Directions for this task: Lines with the word "Intel" are the ones wanted. Copy each of them from the entries below.

BEGIN Extracted information

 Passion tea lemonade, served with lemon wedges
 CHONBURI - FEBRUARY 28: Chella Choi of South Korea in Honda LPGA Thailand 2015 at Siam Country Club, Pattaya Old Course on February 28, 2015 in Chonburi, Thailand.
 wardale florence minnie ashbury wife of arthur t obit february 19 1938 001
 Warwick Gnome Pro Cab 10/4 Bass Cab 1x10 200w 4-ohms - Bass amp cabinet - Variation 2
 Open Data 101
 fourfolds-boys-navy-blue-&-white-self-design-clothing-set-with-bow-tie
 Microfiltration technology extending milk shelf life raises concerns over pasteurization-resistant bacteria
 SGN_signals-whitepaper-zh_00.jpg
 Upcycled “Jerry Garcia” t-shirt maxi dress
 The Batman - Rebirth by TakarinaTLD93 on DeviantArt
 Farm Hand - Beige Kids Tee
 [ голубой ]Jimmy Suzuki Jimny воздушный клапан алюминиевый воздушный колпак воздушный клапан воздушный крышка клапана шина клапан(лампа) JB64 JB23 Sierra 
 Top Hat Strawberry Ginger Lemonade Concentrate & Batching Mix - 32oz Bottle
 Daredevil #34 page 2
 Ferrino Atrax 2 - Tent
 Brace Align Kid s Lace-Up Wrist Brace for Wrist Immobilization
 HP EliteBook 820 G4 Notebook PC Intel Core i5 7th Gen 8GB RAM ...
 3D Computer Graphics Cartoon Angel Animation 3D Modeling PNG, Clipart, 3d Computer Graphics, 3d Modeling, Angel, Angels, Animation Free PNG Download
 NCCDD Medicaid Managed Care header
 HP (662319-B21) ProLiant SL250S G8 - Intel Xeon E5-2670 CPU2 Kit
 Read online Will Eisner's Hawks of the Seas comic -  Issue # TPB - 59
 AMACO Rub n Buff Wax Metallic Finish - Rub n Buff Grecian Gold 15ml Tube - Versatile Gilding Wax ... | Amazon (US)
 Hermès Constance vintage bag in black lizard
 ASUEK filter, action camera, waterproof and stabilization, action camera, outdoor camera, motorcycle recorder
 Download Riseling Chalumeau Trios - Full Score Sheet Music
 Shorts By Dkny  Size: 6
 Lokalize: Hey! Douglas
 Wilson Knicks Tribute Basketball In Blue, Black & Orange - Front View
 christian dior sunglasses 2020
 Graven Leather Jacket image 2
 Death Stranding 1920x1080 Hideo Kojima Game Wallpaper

END Extracted information

Response area:
 HP EliteBook 820 G4 Notebook PC Intel Core i5 7th Gen 8GB RAM ...
 HP (662319-B21) ProLiant SL250S G8 - Intel Xeon E5-2670 CPU2 Kit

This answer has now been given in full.